Rewilding restores natural processes, helping nature heal and sustain itself. As a progressive conservation approach, it is holistic, adaptive, and site-specific. Rewilding Sweden creates tailored strategies and works with local communities to drive effective recovery wherever we operate.
Revitalising natural processes by focusing on the gaps
In a fragmented landscape, like in the Nordic Taiga, rewilding of habitats is important to enable exiting keystone species to fulfil their ecological roles. Especially in the spaces between the sparse areas of suitable habitats remaining – in nature’s gaps. For instance, big herbivores are, in the majority of places, a principal force behind shaping vegetation, creating habitats for other species and sequestering carbon. If absent, rewilding entails their reintroduction. But in the Nordic Taiga, where many existing grazers suffer from densely planted production forests, thinning becomes essential to allow ground vegetation to flourish and, hence, allow grazers like reindeer to do their ecological work.
Ultimately, rewilding shall always start with identifying what pieces are missing or being suppressed in an ecosystem. The job then involves putting those pieces back in place to revitalize natural processes, followed by stepping back to let nature take the lead in its recovery.

Adding the missing pieces
Selecting the right rewilding approach

Habitat rewilding
This active rewilding approach improves ecosystem structure and function, enabling suppressed keystone species to thrive. It applies when natural processes are too degraded to recover alone or when self-recovery is too slow. Examples include dam removal, river restoration, reconnecting habitats, tree veteranisation, and rewetting forests and wetlands.

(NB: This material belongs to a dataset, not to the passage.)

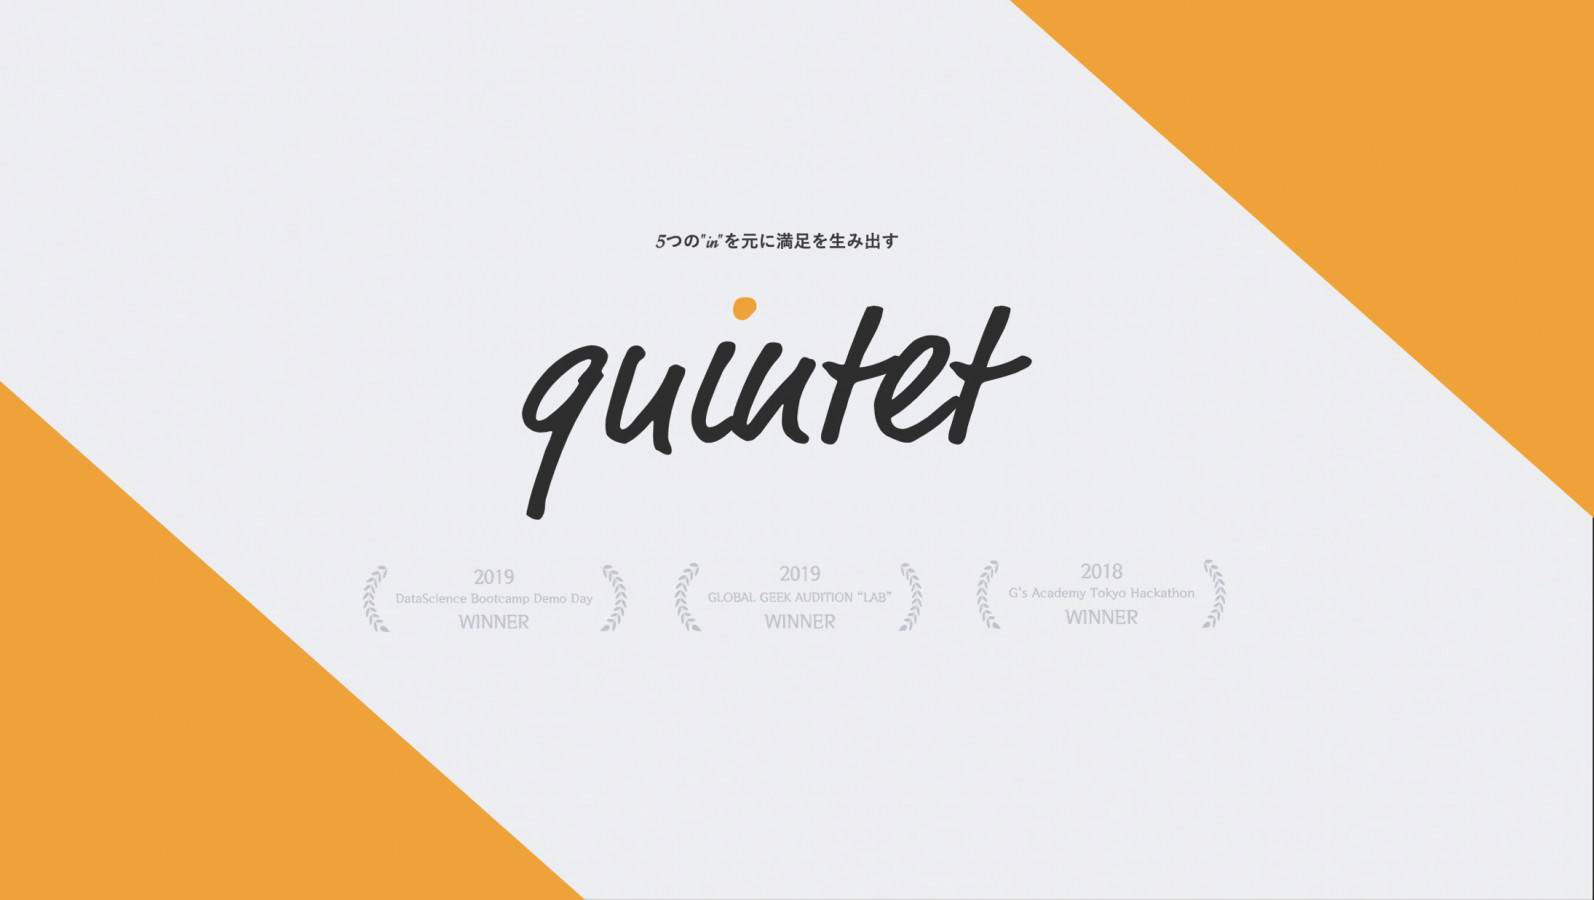 quintet株式会社サムネイル画像

Keystone species reintroduction
This active rewilding approach focuses on the reintroduction or population reinforcement of ecologically important wildlife species that are missing or critically low in number. For this approach to succeed, the species must be given sufficient space and access to high-quality habitat. If such habitat is lacking, targeted habitat rewilding should be the first step.

Passive rewilding
This approach is used when key ecological elements are already in place and the ecosystem is relatively intact. If human disturbance ceases, natural species can often recolonise spontaneously. Given enough space, time, and minimal interference, natural processes have the potential to restore the ecosystem’s complexity, resilience, and biodiversity on their own.